In a world of instant mashed potatoes, ramen noodles and automatic coffee makers, we have developed biological atrophy, as suggests Tim Wu in his New Yorker article. Trapped in making thousands of small easy tasks, (clicking a button for coffee, boiling water for noodles, replying to hundreds of quick emails) we have an ever growing anxiety to do to more and complete things start to finish. Making your own meals (from buying the ingredients, to choosing a recipe and so on) always feels more rewarding than just heating up a frozen TV dinner. Not only it is more rewarding, but most importantly it’s required to our own personal development. The human brain needs to be challenged in order to learn and evolve. Ever had an issue that you worked tirelessly on (a tool you couldn’t figure out, a math exercise) and couldn’t feel at ease until it was completed? That’s your brain at its finest. Most people would claim that, after family and dear ones, the one thing they love the most is some sort of tool or skill-set like gardening, roasting coffee, golf or painting. Our species is in its current state precisely because of our love for tools, skills and improving on them. In the past, the survival of a group depended on the ability to master the environment, with tools and objects that require skill and practice. Being able to do everything with low effort is certainly great and can’t be stopped, but it doesn’t allow us to develop skills the way we’re naturally used to – reason why more and more people turn to things like beer brewing, building robots or woodworking. Not because they need to build a closet out of sheer necessity, but because it improves their self-worth and well-being.

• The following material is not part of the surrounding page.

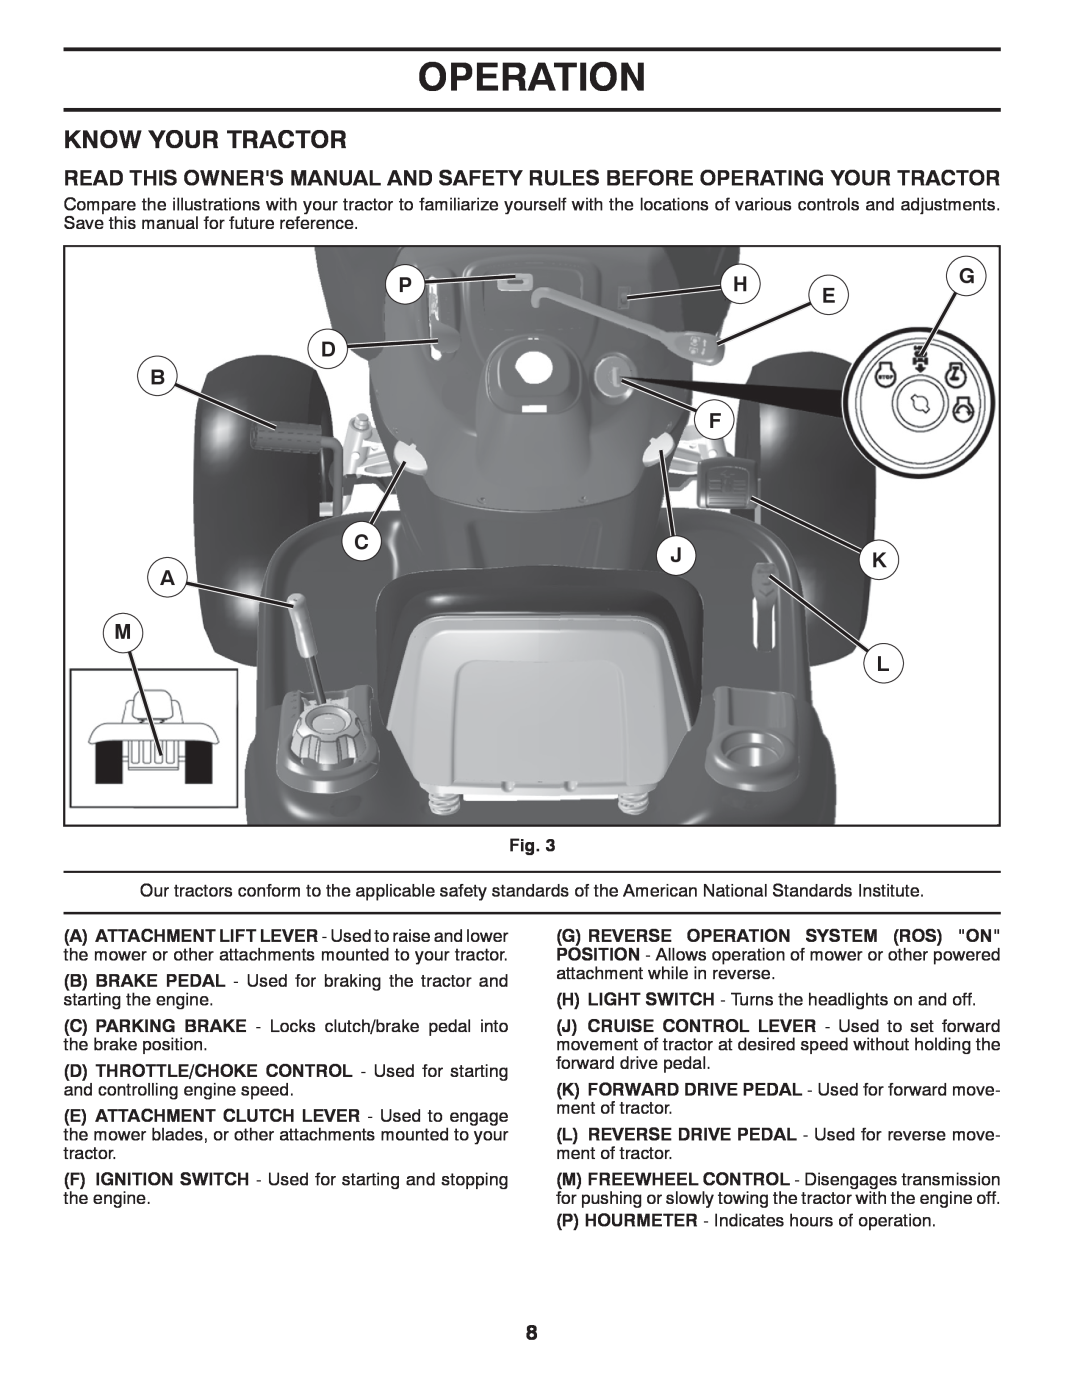 Poulan 532 43 85-70, 96042012500 manual Know Your Tractor, Ph Eg D, B A M, Cjk L, Operation 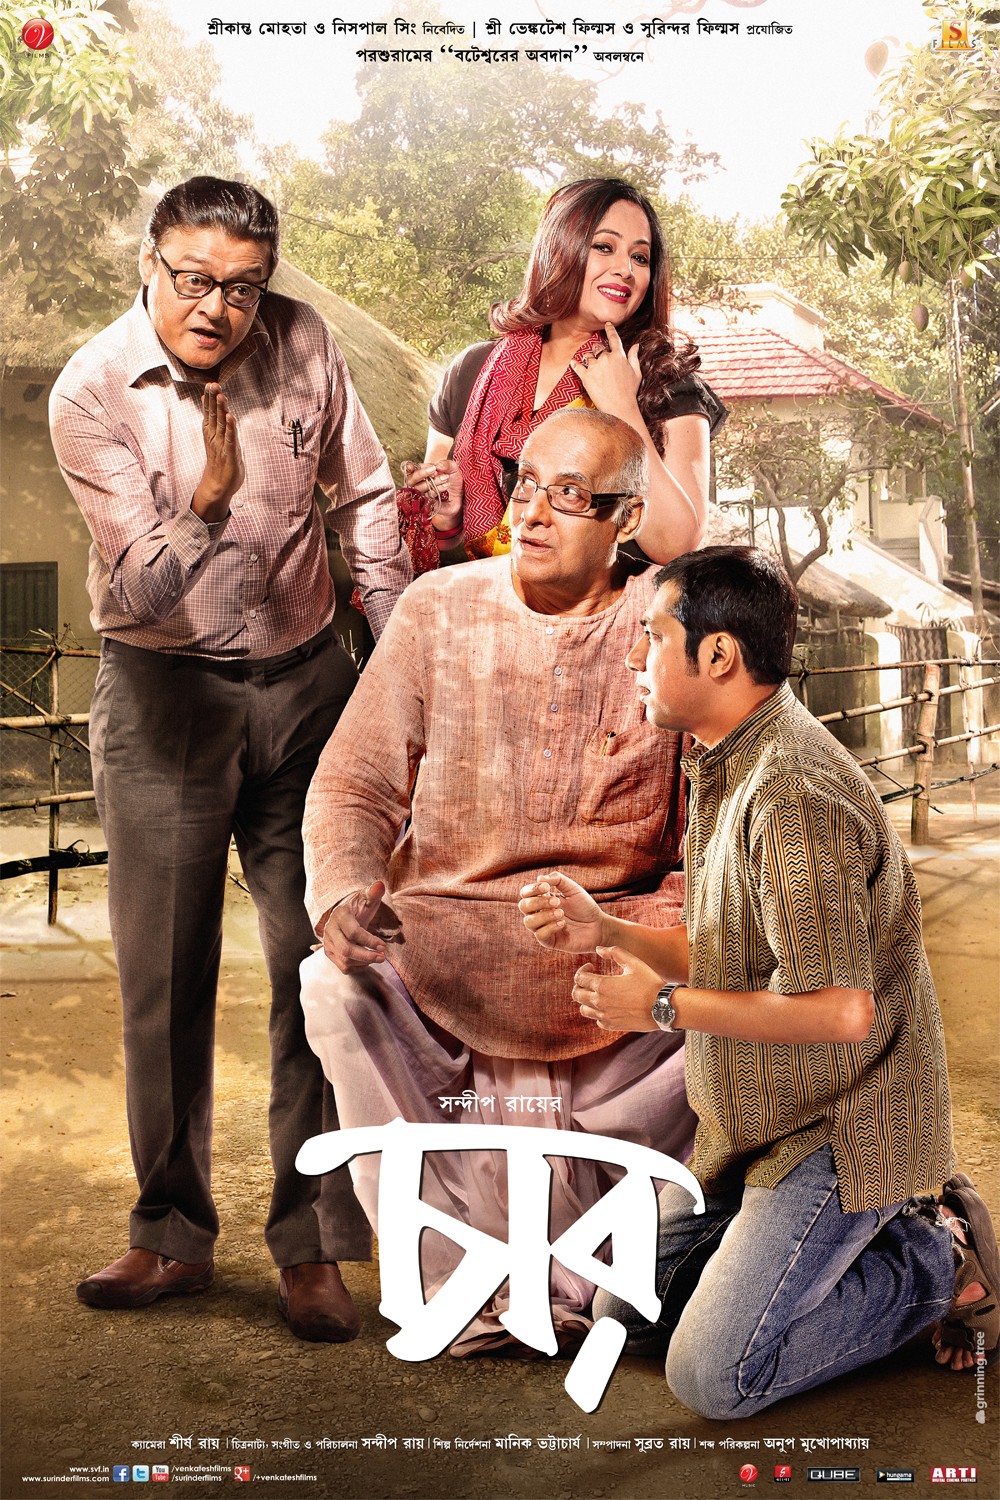 Extra Large Movie Poster Image for Chaar (#4 of 11)

Now for the disclaimer: We don’t have to go full on 1700’s and start churning our own butter. Convenience is great. Being able to just heat up some food after a long day of work can be just what you need sometimes – and that’s great. Just make sure you use your most valuable resource (a.k.a time) doing something you enjoy and that might benefit you somehow. Some people even turn their odd hobbies in full time roles, selling handmade stuff online and making money on platforms like Etsy. Some even claim that these people will fuel the third industrial revolution: A totally de-centralized, company-less system, run by small groups of people who fully own the production process and tools. Sounds crazy, but the “maker” movement is here, and it doesn’t seem like they want to stop creating. So maybe this weekend you can pick up that shelf that’s been sitting on the garage for so long instead of just sitting by the TV – you might learn a thing or two.